Court upholds Cumberland Mine violation
A federal appeals court has upheld the Mine Safety and Health Administration’s determination that the failure by the Cumberland Mine to maintain emergency lifelines, regardless of the likelihood of a mine emergency, is a significant and substantial violation under the mine act.
An MSHA investigator cited the mine for violations of the lifeline requirement during an inspection of four of the mine’s escapeways in December 2007, according to a MSHA release. tMining law requires mine operators to provide flame resistant and directional lifelines in escapeways for miners to use to evacuate the mine in an emergency.

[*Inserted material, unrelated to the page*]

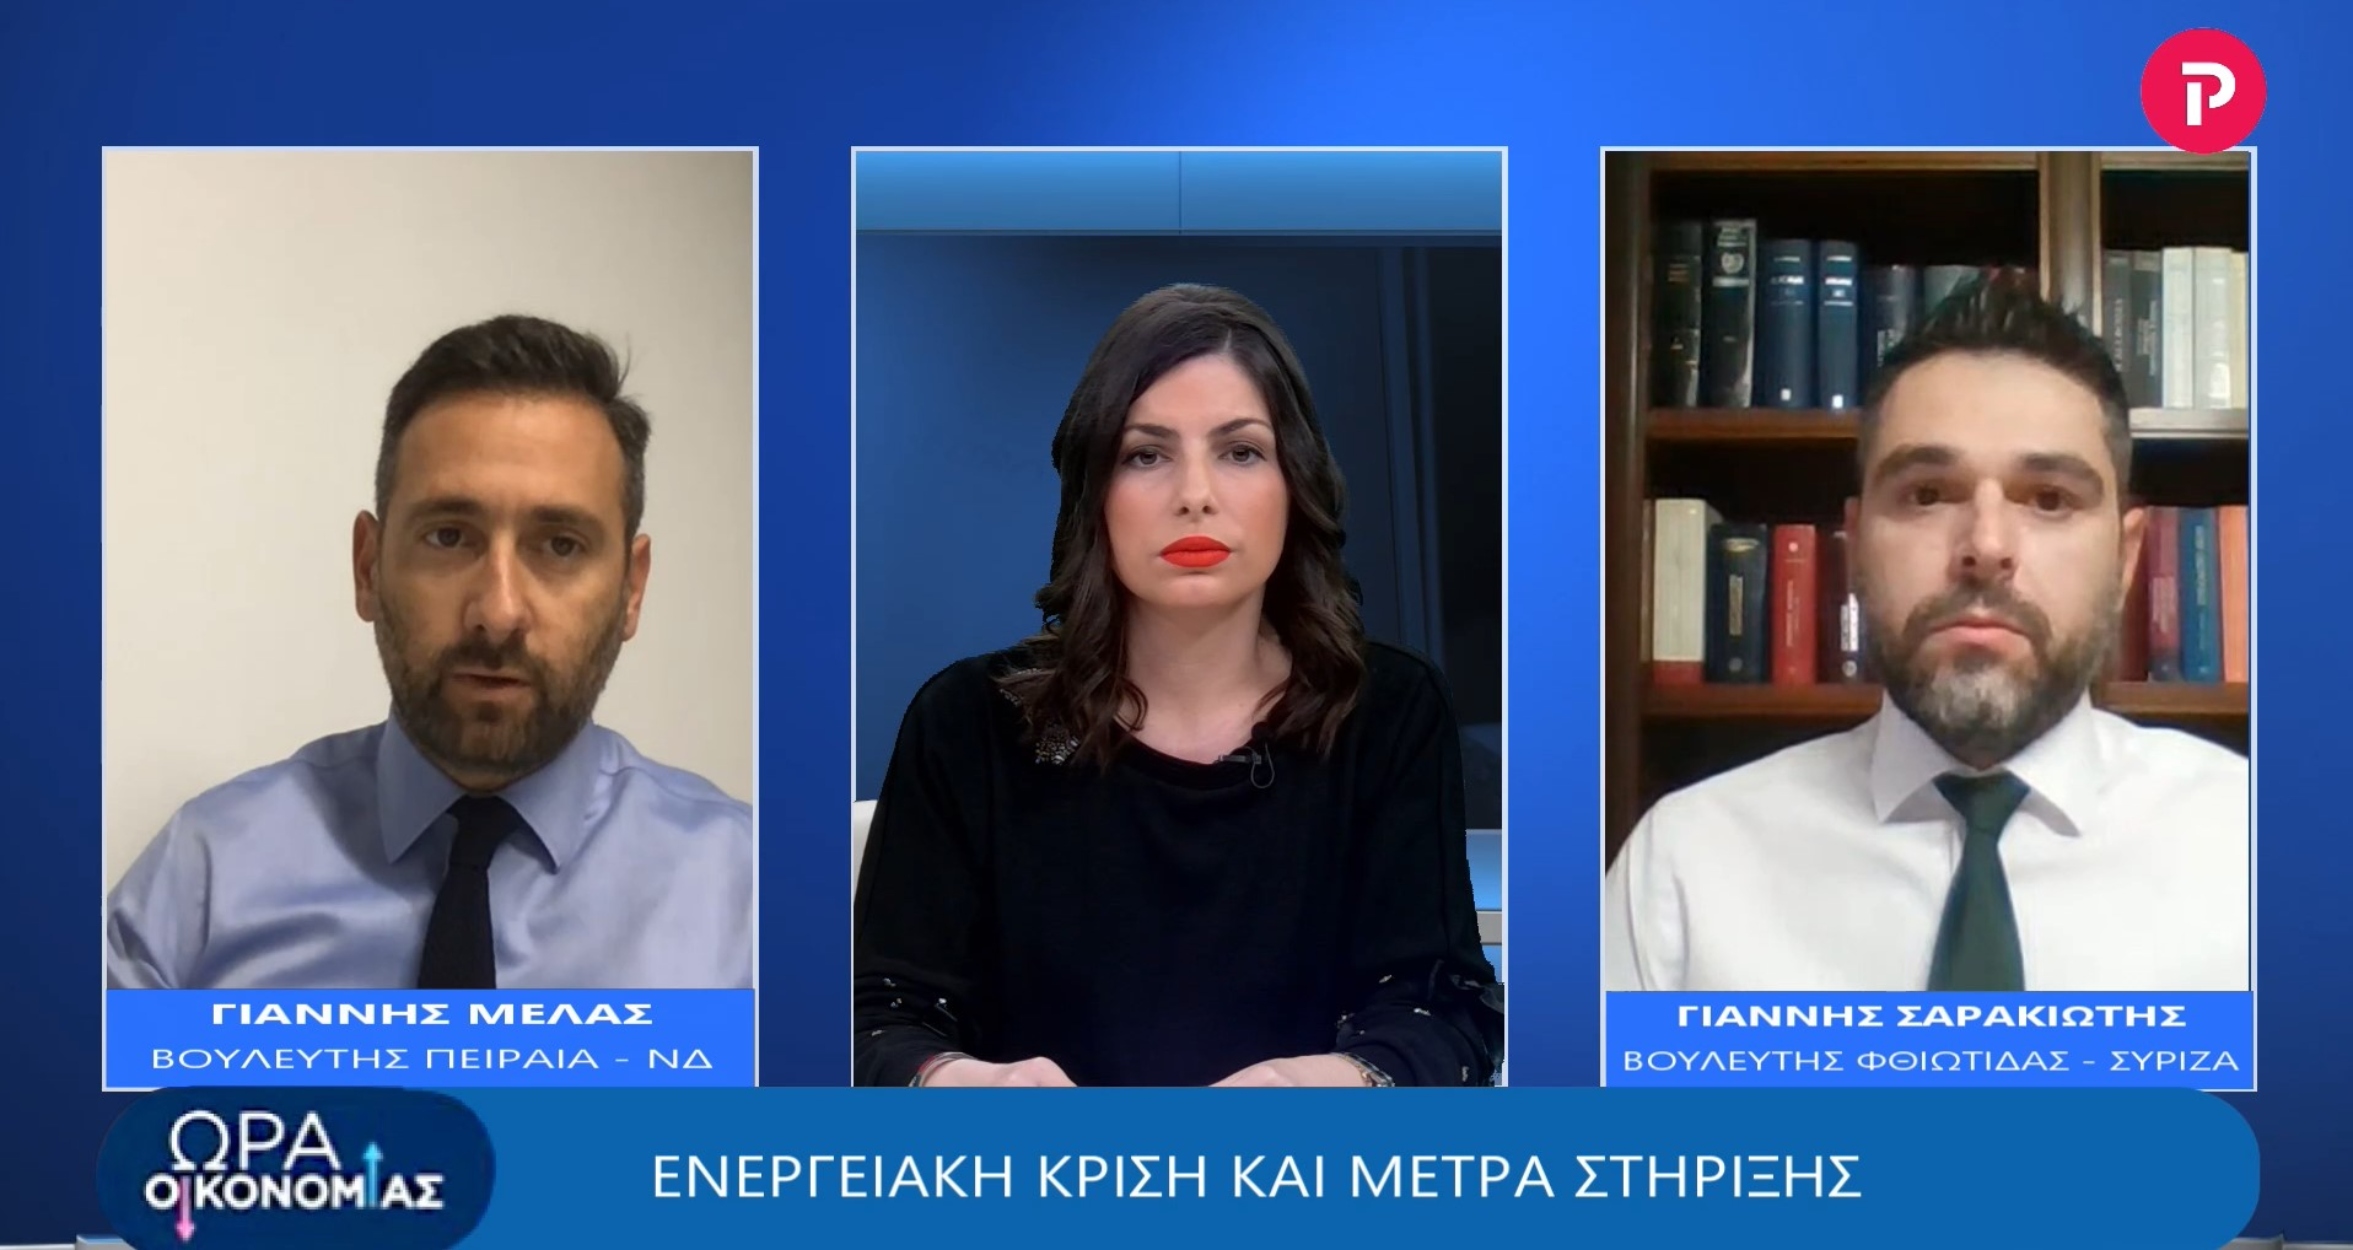 Μελάς - Σαρακιώτης στο pagenews.gr: Ενεργειακή κρίση και μέτρα στήριξης

The investigator designated each violation significant and substantial, finding that in the event of an emergency, the lack of a lifeline would have delayed miners’ escape, and the delay would have been reasonably likely to result in serious injury or death. A significant and substantial violation could lead to enhanced enforcement actions under the mine act.
A June 7 ruling by the U.S. Court of Appeals for the District of Columbia Circuit upheld the secretary of labor’s interpretation that, in evaluating the significant and substantial nature of violations of standards that come into play only in the event of an emergency, one must assume the occurrence of the emergency.
The court agreed that “emergency safety standards are fundamentally different from non-emergency standards because they are designed to apply meaningfully only in times of emergency.”
Cumberland Coal Resources LP had argued in its appeal that the commission applied the wrong standard when it reversed an administrative law judge’s determination that the violations were not significant and substantial, and that even if it applied the correct standard, its findings were not supported by evidence.